I have a List<String> and I have to convert it to Map, by grouping same length Strings into a List, using String length as the key in, sorted order. It can be done using -

Map<Integer, List<String>> result = new TreeMap<>();
for (String str : list) {
    if (!result.containsKey(str.length())) {
        result.put(str.length(), new ArrayList<>());
    }
    result.get(str.length()).add(str);
}

How can we do it using Java 8 streams?

You could do it with streams:

Map<Integer, List<String>> result = list.stream()
    .collect(Collectors.groupingBy(
        String::length,        // use length of string as key
        TreeMap::new,          // create a TreeMap
        Collectors.toList())); // the values is a list of strings

This collects the stream by means of the overload of Collectors.groupingBy that accepts 3 arguments: the key mapper function, the supplier of the map and the downstream collector.

However, there's a more compact way to do it, without streams:

Map<Integer, List<String>> result = new TreeMap<>();
list.forEach(s -> result.computeIfAbsent(s.length(), k -> new ArrayList<>()).add(s));

This uses List.forEach and Map.computeIfAbsent to achieve what you want.

Java streams can be grouped into a map by using the grouping collectors, the easiest way to make one is to use

Collectors.groupBy(comparator)

where comparator converts streamed values into map keys.
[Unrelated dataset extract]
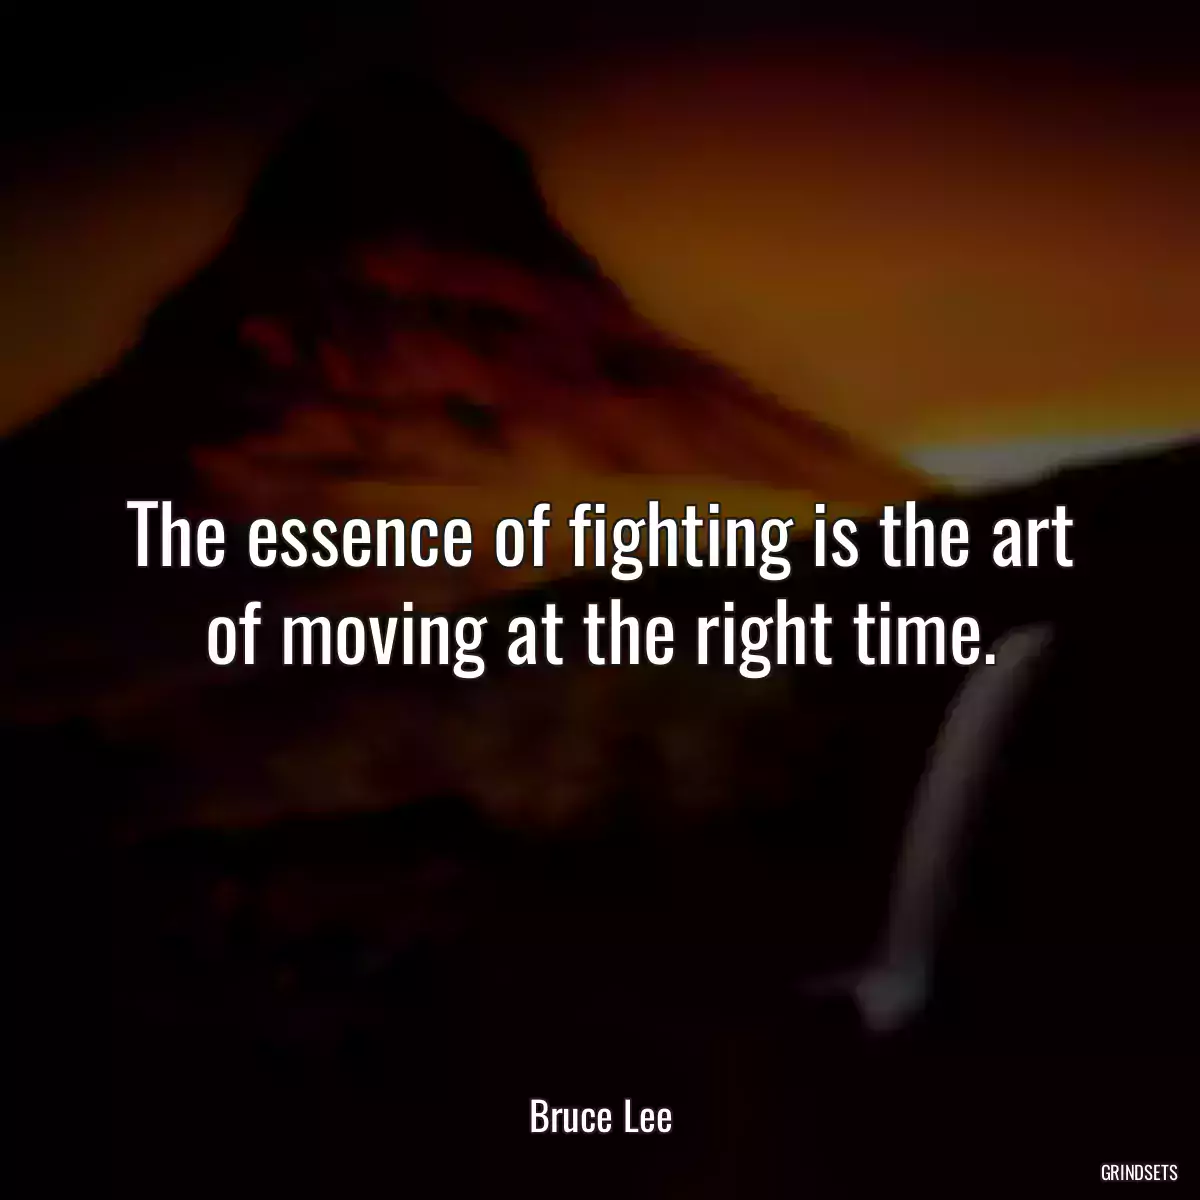 The essence of fighting is the art of moving at the right time.

The return is a Map from comparator key to list of entries

public class Test {
  public static void main(final String... args) {
    List<String> in = Arrays.asList("A", "AB", "B", "ABC");
    final Map<Integer, List<String>> all = in.stream()
        .collect(Collectors.groupingBy(String::length));
    System.out.println(all);
  }
}

Output:

{1=[A, B], 2=[AB], 3=[ABC]}

You can do this in Java 8 with groupingBy on one line.

result = list.stream().collect(Collectors.groupingBy(String::length));